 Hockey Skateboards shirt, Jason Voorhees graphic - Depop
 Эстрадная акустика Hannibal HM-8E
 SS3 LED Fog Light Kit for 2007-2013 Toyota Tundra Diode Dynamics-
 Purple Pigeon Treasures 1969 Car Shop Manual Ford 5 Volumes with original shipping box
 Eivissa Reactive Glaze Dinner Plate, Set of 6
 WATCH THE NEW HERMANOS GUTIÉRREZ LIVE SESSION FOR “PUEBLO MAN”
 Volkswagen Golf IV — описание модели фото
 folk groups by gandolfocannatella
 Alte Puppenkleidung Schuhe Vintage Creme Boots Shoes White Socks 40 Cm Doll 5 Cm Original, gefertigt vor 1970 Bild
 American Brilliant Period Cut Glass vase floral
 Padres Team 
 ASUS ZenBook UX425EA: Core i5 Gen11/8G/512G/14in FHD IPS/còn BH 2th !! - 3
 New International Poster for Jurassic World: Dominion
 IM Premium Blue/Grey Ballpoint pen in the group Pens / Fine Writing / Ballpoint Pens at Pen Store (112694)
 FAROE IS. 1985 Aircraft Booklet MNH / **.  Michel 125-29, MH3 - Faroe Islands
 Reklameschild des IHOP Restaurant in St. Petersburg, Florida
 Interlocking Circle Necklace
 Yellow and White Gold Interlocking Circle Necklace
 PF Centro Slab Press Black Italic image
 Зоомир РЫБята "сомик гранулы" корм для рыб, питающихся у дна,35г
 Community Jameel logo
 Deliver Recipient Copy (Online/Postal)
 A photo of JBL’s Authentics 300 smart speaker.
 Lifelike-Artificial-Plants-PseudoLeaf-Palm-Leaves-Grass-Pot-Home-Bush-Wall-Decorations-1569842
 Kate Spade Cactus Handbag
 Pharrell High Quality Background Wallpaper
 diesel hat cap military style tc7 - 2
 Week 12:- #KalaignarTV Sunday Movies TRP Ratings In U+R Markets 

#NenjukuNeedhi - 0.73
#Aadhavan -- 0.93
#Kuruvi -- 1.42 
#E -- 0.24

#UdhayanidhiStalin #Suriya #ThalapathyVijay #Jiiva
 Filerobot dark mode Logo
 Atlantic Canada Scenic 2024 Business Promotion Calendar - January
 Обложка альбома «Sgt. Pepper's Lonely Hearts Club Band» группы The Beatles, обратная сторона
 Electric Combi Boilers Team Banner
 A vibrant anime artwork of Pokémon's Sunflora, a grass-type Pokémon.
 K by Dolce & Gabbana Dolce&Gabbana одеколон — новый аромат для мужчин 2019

========

Beginning with the line that contains "Pharrell High Quality Background Wallpaper", retype every remaining line of the listing exactly, ending with the last one.

YOUR SOLUTION
 Pharrell High Quality Background Wallpaper
 diesel hat cap military style tc7 - 2
 Week 12:- #KalaignarTV Sunday Movies TRP Ratings In U+R Markets 

#NenjukuNeedhi - 0.73
#Aadhavan -- 0.93
#Kuruvi -- 1.42 
#E -- 0.24

#UdhayanidhiStalin #Suriya #ThalapathyVijay #Jiiva
 Filerobot dark mode Logo
 Atlantic Canada Scenic 2024 Business Promotion Calendar - January
 Обложка альбома «Sgt. Pepper's Lonely Hearts Club Band» группы The Beatles, обратная сторона
 Electric Combi Boilers Team Banner
 A vibrant anime artwork of Pokémon's Sunflora, a grass-type Pokémon.
 K by Dolce & Gabbana Dolce&Gabbana одеколон — новый аромат для мужчин 2019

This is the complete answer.